許多文獻提及太陽能電池之狀態估測(State Estimation)法,其基本 原理係觀察系統之已知資訊來估測其他未知資訊,最廣泛使用之方法為加權最小平方法(Weighted Least Square, WLS) ,此數學模型係依據系統量測值及狀態變數間之數值關係來進行狀態估測,因此能精準地估測出所需系統資訊。Many documents mention the State Estimation method of solar cells. The basic principle is to observe the known information of the system to estimate other unknown information. The most widely used method is the Weighted Least Square (WLS) method. This mathematical model performs state estimation based on the numerical relationship between system measurement values and state variables, so it can accurately estimate the required system information.
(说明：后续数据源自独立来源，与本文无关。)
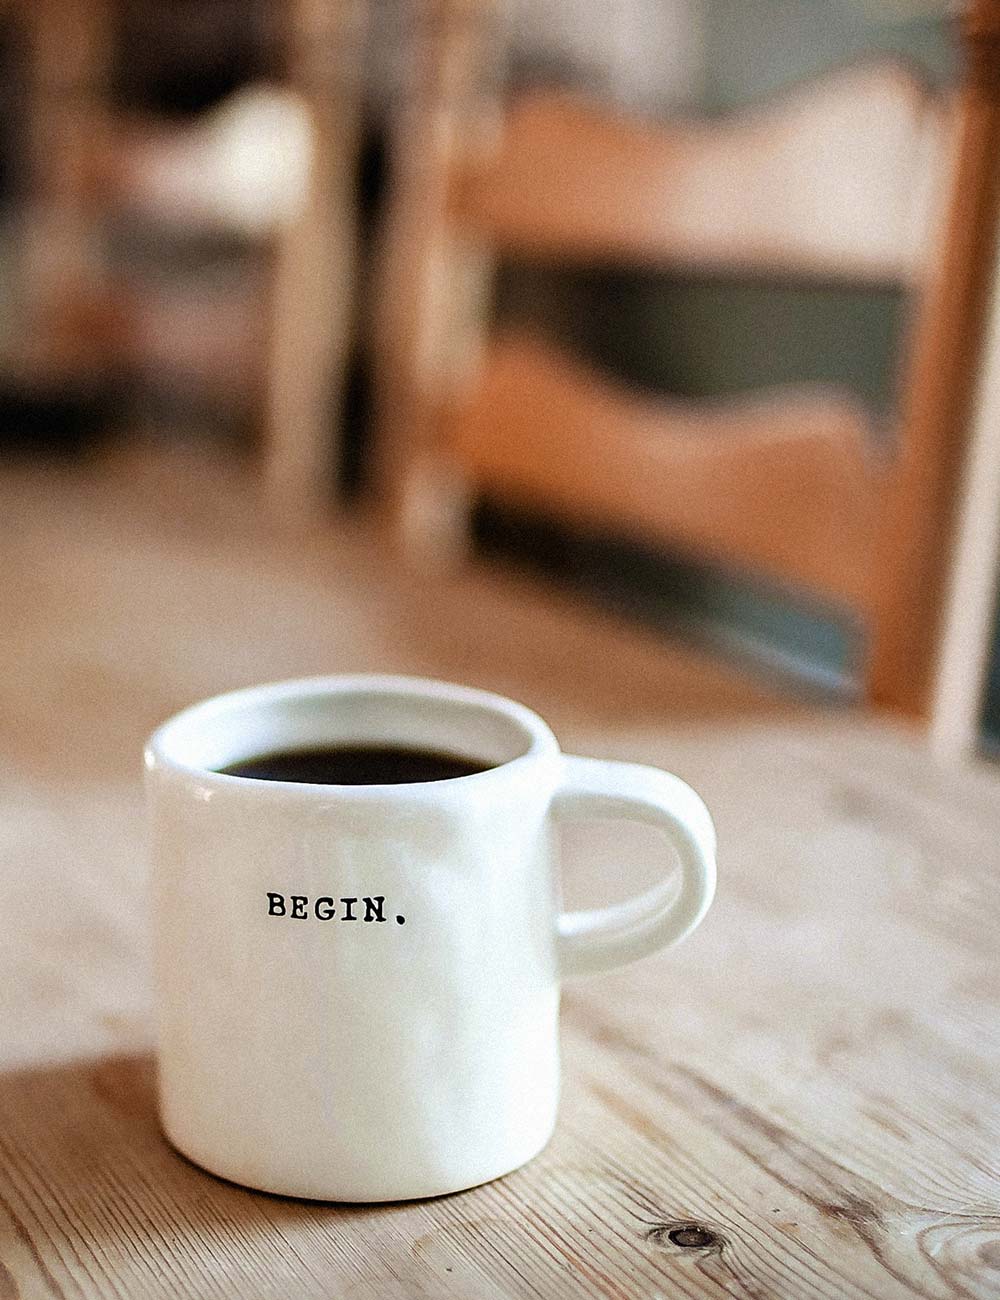 Eine Kaffeetasse mit einem Wort drauf. "BEGIN."
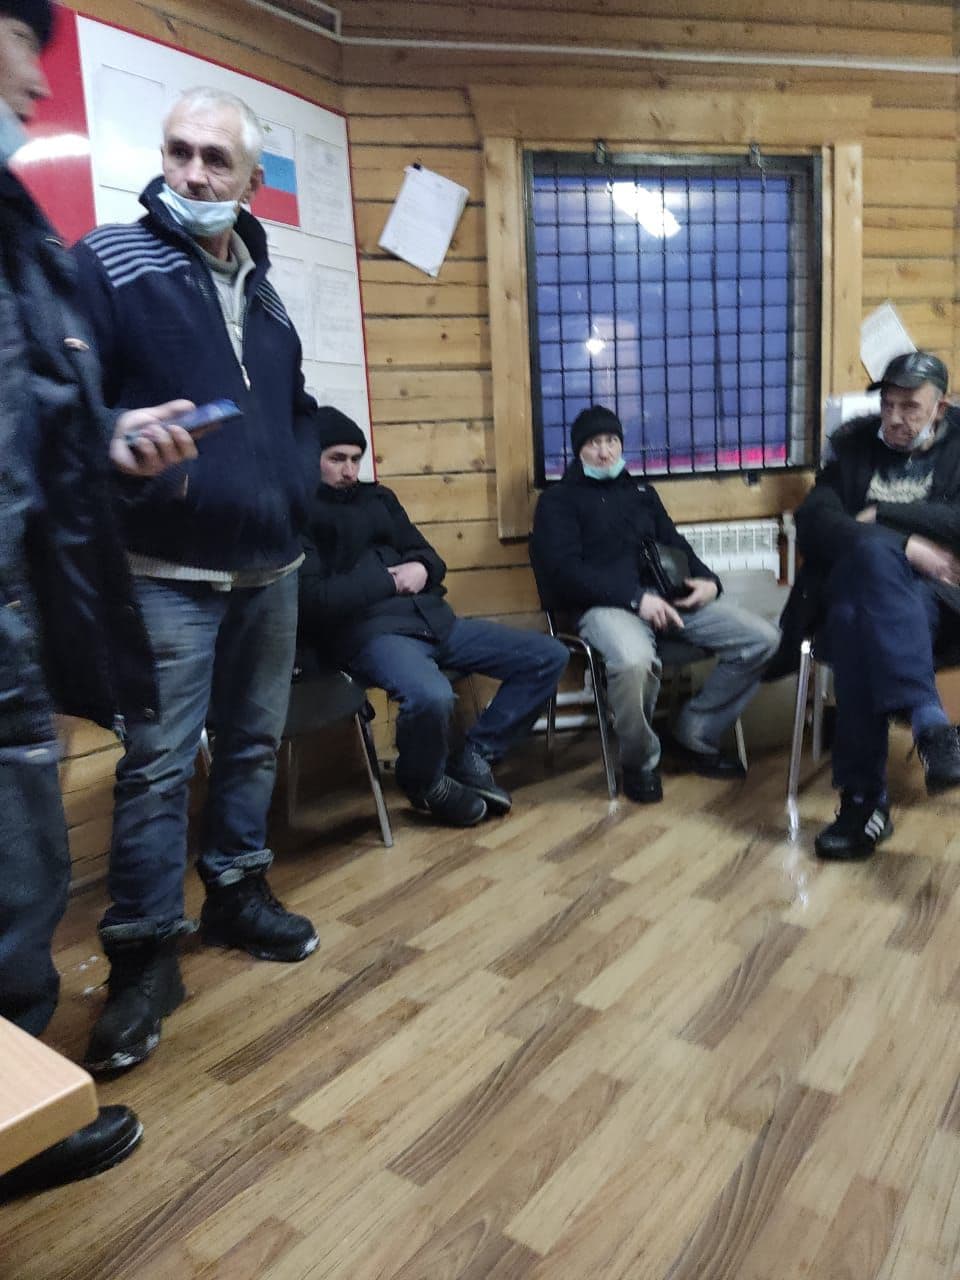 "Проезжающие спрашивали только о дороге на ледовую переправу". В Якутии полиция проверила информацию о попытке увезти мальчика

若要利用狀態估測法得到太陽能電池在目前環境下之照度與溫 度,實際估測時需量測兩組太陽能電池之操作電壓及電流,且容易因參數不準確或受到外在雜訊干擾,造成估測出之照度與溫度產生誤差。此外,為了降低誤差量,計算時需利用疊代方式使誤差量收斂,唯此法會大幅增加運算複雜度,使得不易使用具有數位訊號處理器之微控制器來實現。此外,模型參數誤差會使估測不易甚至無法收斂,故本案提出簡化型估測法來降低運算量,並避免無法收斂之問題。To use the state estimation method to obtain the solar cell's illuminance and temperature under the current environment, the actual operation needs to measure the operating voltage and current of the two sets of solar cells, and it is easy to be interfered by inaccurate parameters or external noise. Causes an error in the estimated illuminance and temperature. In addition, in order to reduce the amount of error, iterative methods need to be used to converge the amount of error during the calculation. However, this method will greatly increase the computational complexity, making it difficult to use a microcontroller with a digital signal processor to implement. In addition, model parameter errors can make estimation difficult or even impossible to converge. Therefore, a simplified estimation method is proposed in this case to reduce the amount of calculation and avoid the problem of inconsistency.
簡化型估測法之原理:Principle of simplified estimation method:
首先於第一次估測照度過程中假設環境溫度皆保持不變,接著系 統僅需量測一組太陽能電池之電壓及電流,將方程式(2)代入方程式(3),並為減少微控制器之運算量,忽略等效串聯電阻R S及並聯電阻 R P ,所得之太陽能電池輸出電流與電壓關係式,如方程式(5)所示 First, it is assumed that the ambient temperature remains the same during the first estimation of the illuminance. Then the system only needs to measure the voltage and current of a group of solar cells, and substitute equation (2) into equation (3) to reduce the microcontroller. The amount of calculation, ignoring the equivalent series resistance R S and the parallel resistance R P , the relationship between the output current and voltage of the solar cell, as shown in equation (5)
(5) (5)
其中, I o 為太陽能電池之輸出電流、 G為照度值、 I SC 為太陽能電 池之短路電流、 I S 為二極體逆向飽和電流、 q為載子電荷量(1.602´10 -19C)、V o為太陽能電池之輸出電壓、 n為介電常數(1~2之間) 、 k為波茲曼常數(1.38065´10 -23J/ oK)、 T為絕對溫度值。 Among them, I o is the output current of the solar cell, G is the illuminance value, I SC is the short-circuit current of the solar cell, I S is the reverse saturation current of the diode, q is the carrier charge amount (1.602´10 -19 C), V o is the output voltage of the solar cell, n is the dielectric constant (between 1 and 2), k is the Boltzmann constant (1.38065´10 -23 J / o K), and T is the absolute temperature value.
接著隨機猜測太陽能電池之目前照度,代入方程式(5)得到該目 前照度下太陽能電池之輸出電流值,並與實際量測之輸出電流值相減,再將兩者之差值除以太陽能電池之短路電流 I sc ,即為實際照度與猜測照度差,藉此達到估測太陽能電池目前照度之目的。利用此法之必要條件為第一次取樣之量測點需在太陽能電池輸出功率對電壓特性曲線之左半邊。 Then randomly guess the current illuminance of the solar cell, substitute equation (5) to get the output current value of the solar cell under the current illuminance, subtract it from the actual measured output current value, and then divide the difference between the two by the solar cell. The short-circuit current I sc is the difference between the actual illuminance and the estimated illuminance, thereby achieving the purpose of estimating the current illuminance of the solar cell. The necessary condition for using this method is that the measurement point of the first sampling should be on the left half of the solar cell output power vs. voltage characteristic curve.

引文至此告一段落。